The old website only persists because a few remaining functions have not been transitioned yet. It's rubbish, but it's actively being replaced. Criticising it is pointless.

It's interesting that you refer to alpha.gov.uk. The gov.uk site left the alpha stage and officially launched in October 2012, and as much as government IT projects are usually a disaster, you can't deny gov.uk is a major step in the right direction.

1 comments

Have you got any evidence that it's actively being replaced?

All the most popular links on gov.uk take me to a very nice landing page with an overview, but if I actually want to do something they all link out to the existing web apps. Some of which I've used and are not terrible, but not likely to win many design awards either.
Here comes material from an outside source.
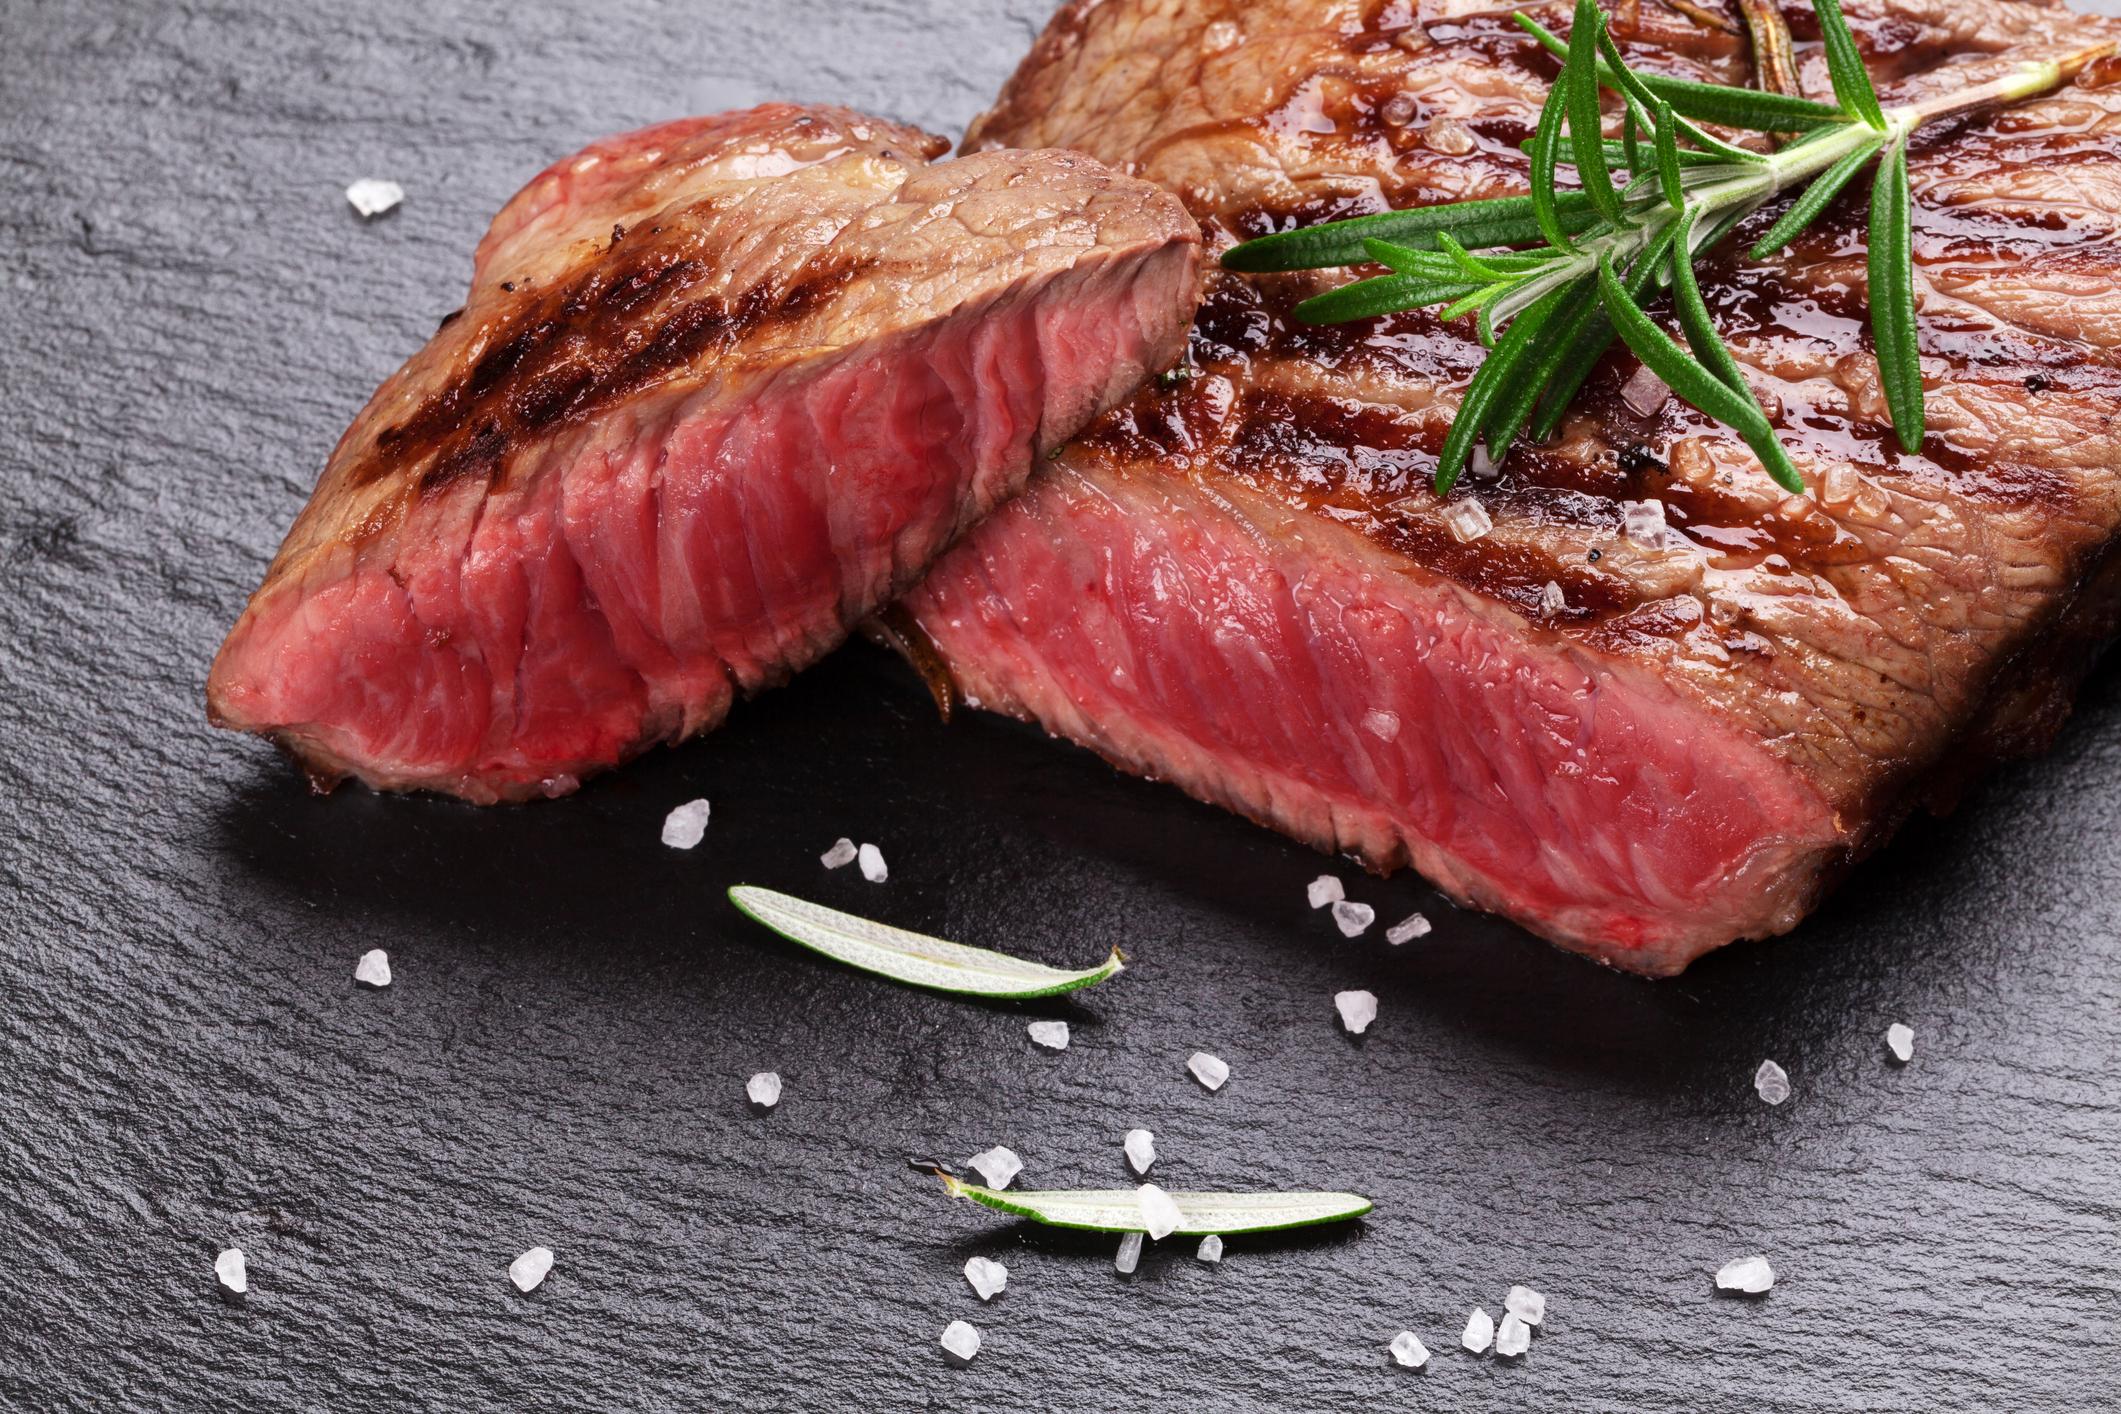 Телешко Това месо съдържа високи нива на омега-3 мастни киселини, които са известни с намаляването на риска от сърдечно-съдови заболявания. И когато става въпрос за талията ни, меса от животни, хранени единствено с треви, съдържат много по-малко калории, а мазнините му всъщност са много полезни за нас, дори и да сме на диета.

It's great that the UK government is no longer consistently failing at the simple task of putting information online, but anything past the 20th century web still seems beyond them. Hopefully it's the next step, I don't really envy the people that need to make that cultural change happen. I do however feel it's more likely to happen sooner if we don't pretend that it'll just happen magically by itself.

Well, the GDS team are pretty open and transparent. Why not go take a look a their blog where they go into quite a lot of detail about their plans?
I did look actually, the stuff I found all had a strong "content" focus. Which is the obvious place to start but as they say themselves, reflecting on getting every ministerial dept on board and their first six months: "it’s barely the end of the beginning".

I did spot a mock-up of a form for reporting lost Passports, which when I googled for it was a nice 3 question form which after processing your answers used that information to give you a link to the correct PDF form to fill in and post (ok, to be fair it gave some helpful extra contextual info like the relevant countries embassy info, but to be unfair if you ask it about an Adult passport, then want to know about a child passport--because I'd imagine losing your whole families passports at once is relatively common--it forces you to answer the remaining 3/4 questions again).

So, some little steps in the right direction as far as web apps for interacting with government are concerned.